Hi,
I am following examples from Marz' book, and playing with Pail and graph thrift schema.
Anyway, I noticed following issues, so you correct me if I'm wrong:
1. There is no way to specify Hadoop Configuration for Pail utility MR jobs (for example - snapshot()). I peek into the code, and I can see that JobConf is created without taking any Configuration parameter from anywhere, so the only way to set Jobtracker address and other Hadoop properties was to place core-site.xml and mapred-site.xml in root of my classpath, because that's the default location that is checked automatically.
2. Source PailTap should read stored records from specified Pail using registered structure (in pail.meta), so only path to existing Pail should be sufficient.
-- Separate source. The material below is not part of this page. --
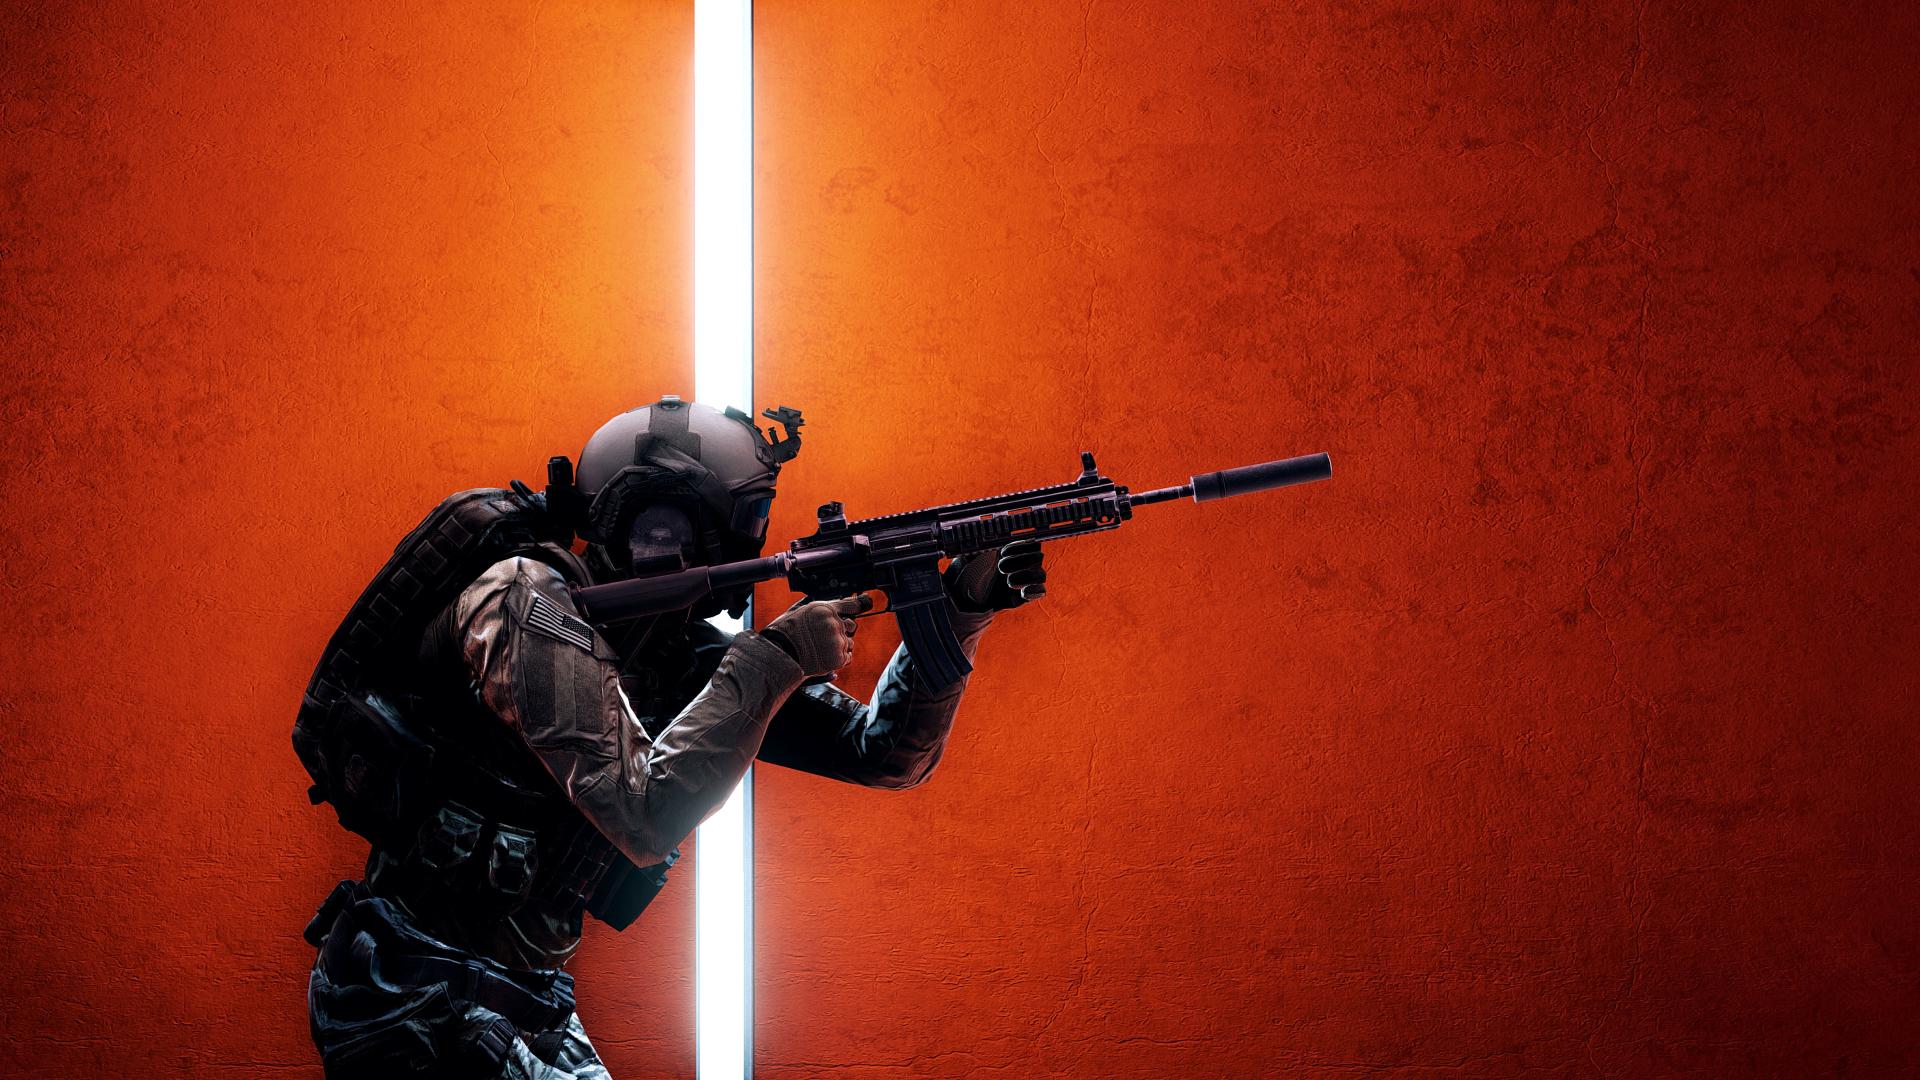 1920x1080 Battlefield 4 1080p Laptop Full Hd Wallpaper Hd Games

Even EAP version of Big data book says so, by giving example of source pailtap, something like:
Tap sourceTap = new PailTap("/path/to/source/pail");
Unfortunately, this constructor that takes only String path doesn't work since it does not use registered PailStructure while reading, thus throwing errors when I try to sink that sourced data into target PailTap, such as:
Caused by: java.lang.ClassCastException: org.apache.hadoop.io.BytesWritable cannot be cast to com.marcinko.bigdatalab.domain.Data
(jus a note, both sing and source PailTap use my data object)
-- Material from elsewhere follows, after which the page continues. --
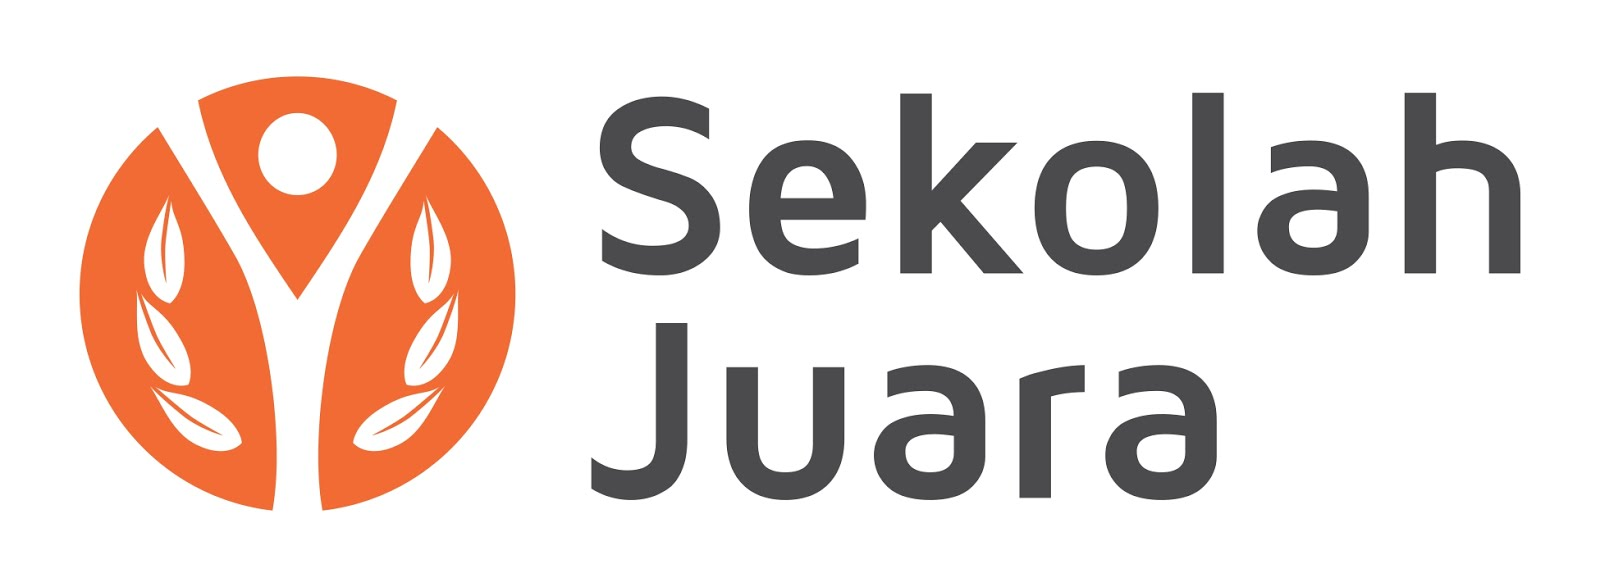 SD Juara Pekanbaru

After using other constructor for my sink PailTap, the one that takes PailTap.Options as second argument, then stuff worked:
public static PailTap constructSourcePailTap(Pail pail) {
PailTap.PailTapOptions opts = new PailTap.PailTapOptions();
opts.spec = pail.getSpec();
return new PailTap(pail.getRoot(), opts);
// return new PailTap(pail.getRoot()); // this doesn't work!!!
}
Regards,
Vjeran